======== Material for this exercise

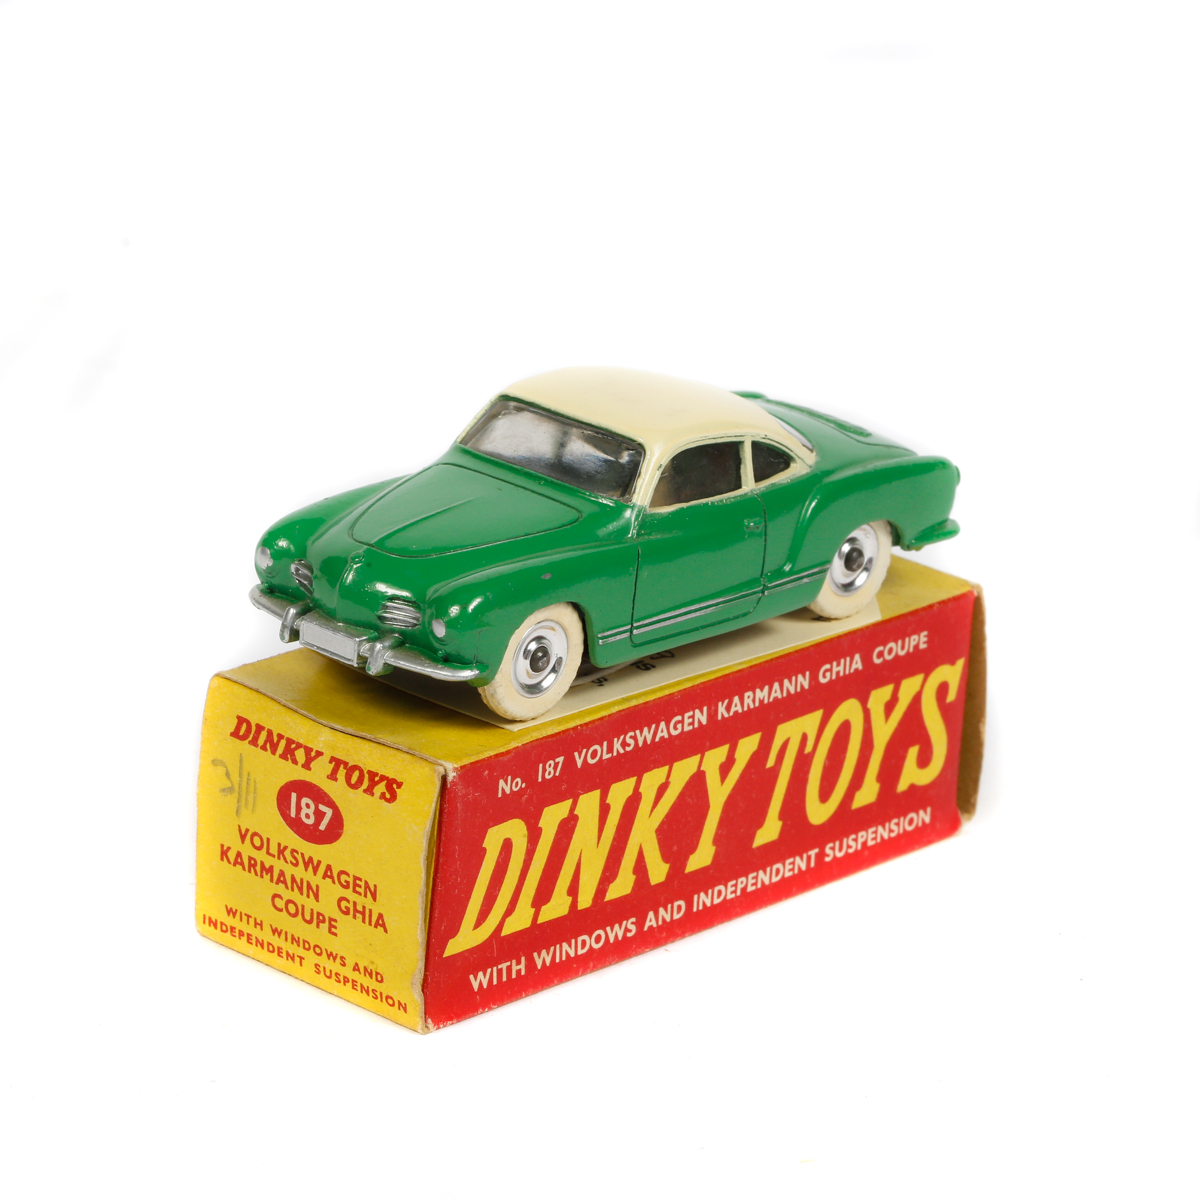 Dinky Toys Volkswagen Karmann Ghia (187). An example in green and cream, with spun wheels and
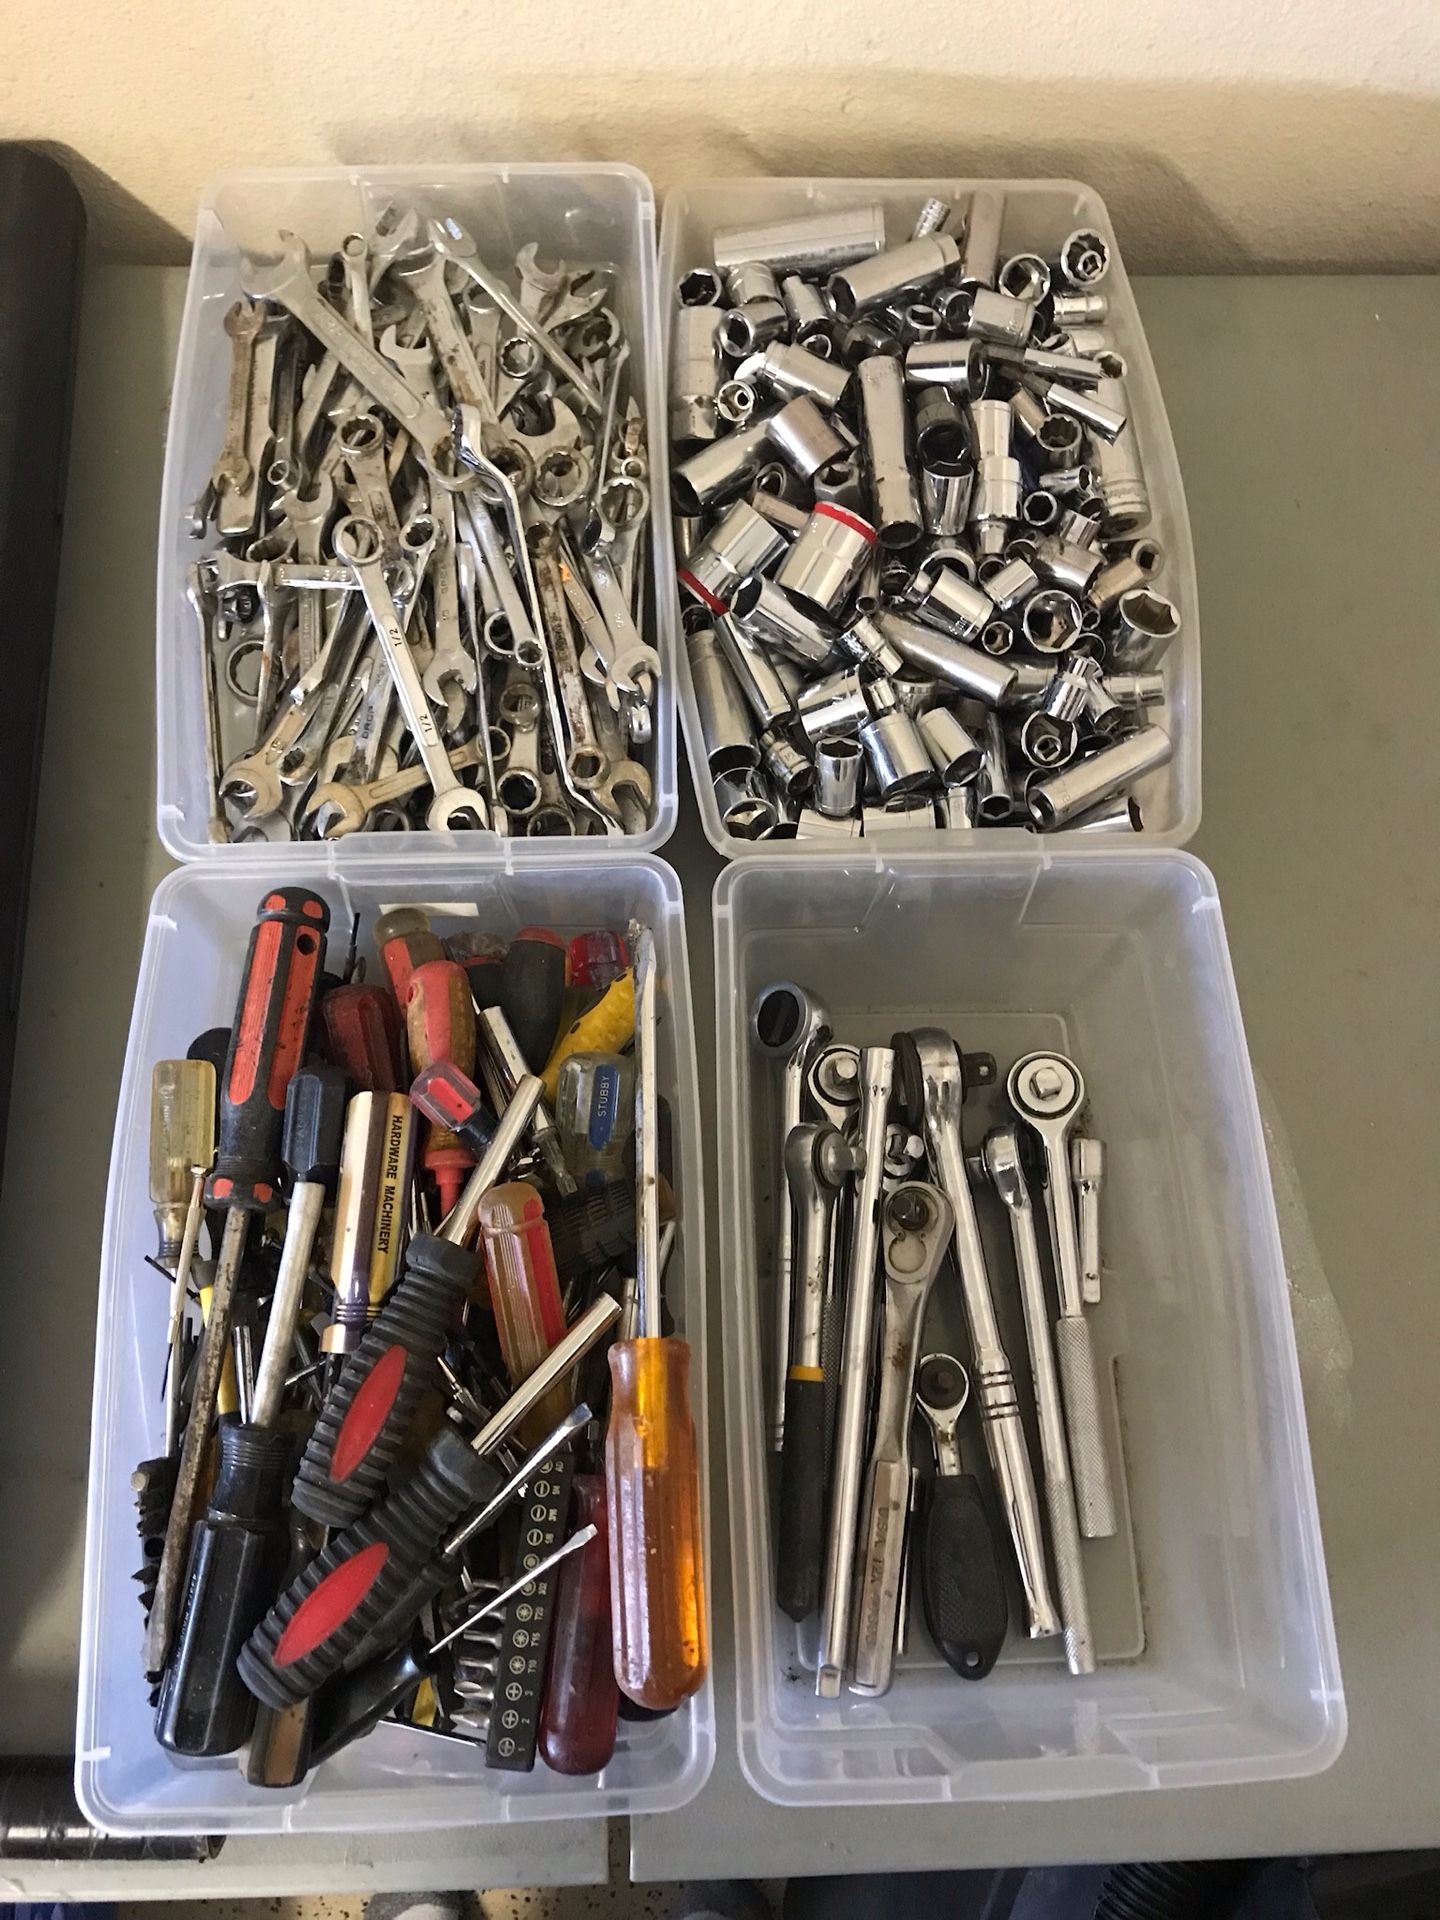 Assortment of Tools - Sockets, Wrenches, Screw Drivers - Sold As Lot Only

================
======== Material for this exercise

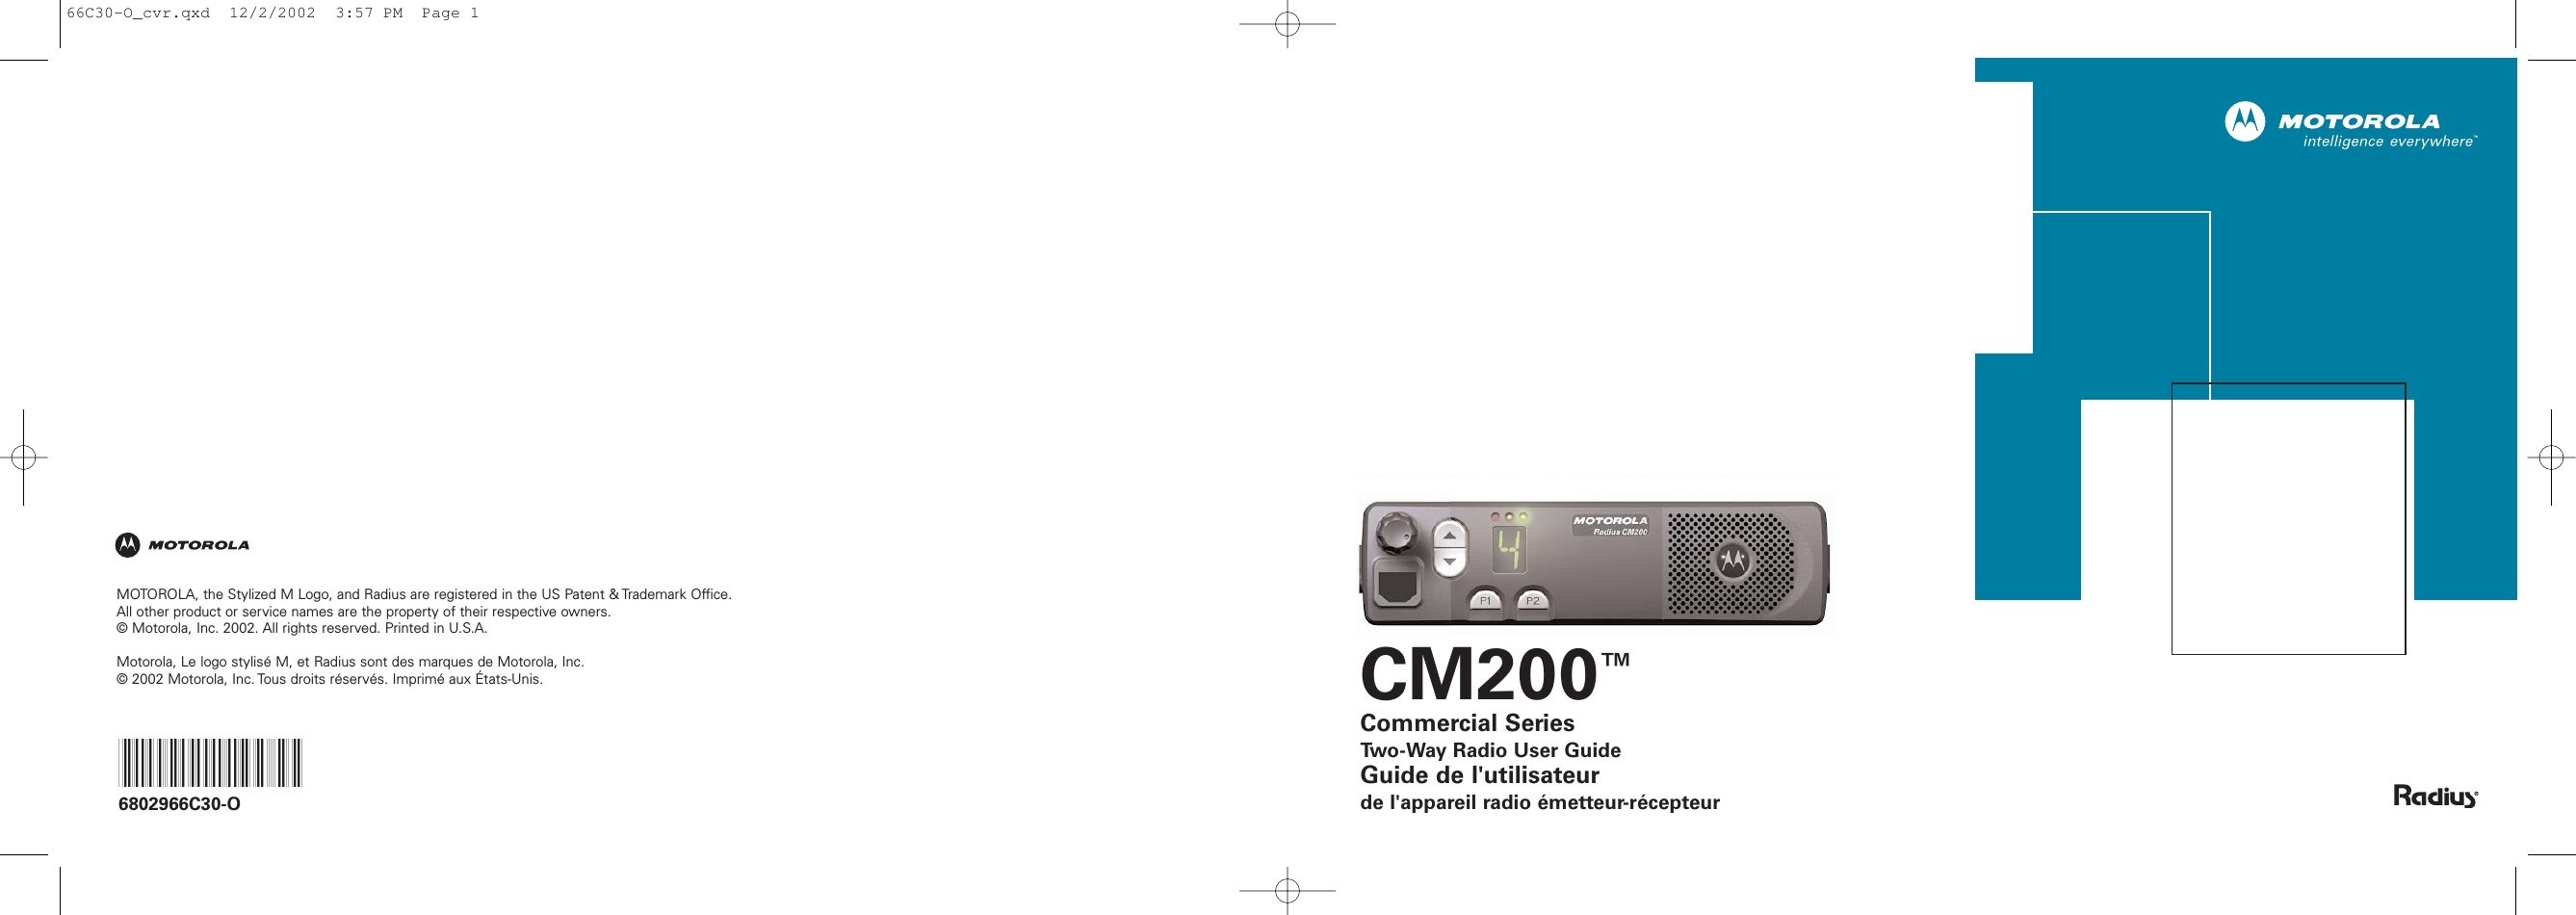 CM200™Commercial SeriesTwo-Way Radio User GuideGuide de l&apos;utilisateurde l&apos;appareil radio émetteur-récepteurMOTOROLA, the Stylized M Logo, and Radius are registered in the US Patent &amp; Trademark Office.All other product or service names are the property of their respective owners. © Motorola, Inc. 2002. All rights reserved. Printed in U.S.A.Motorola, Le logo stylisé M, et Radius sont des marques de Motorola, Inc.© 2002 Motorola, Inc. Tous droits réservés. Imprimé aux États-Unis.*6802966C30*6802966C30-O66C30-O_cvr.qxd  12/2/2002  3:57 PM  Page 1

================

| To do |
Retype, exactly and with no pictures, everything above from the line with "Dinky Toys Volkswagen" down to the line with "Assortment of Tools", both included.

| Answer space |
 Dinky Toys Volkswagen Karmann Ghia (187). An example in green and cream, with spun wheels and
 Assortment of Tools - Sockets, Wrenches, Screw Drivers - Sold As Lot Only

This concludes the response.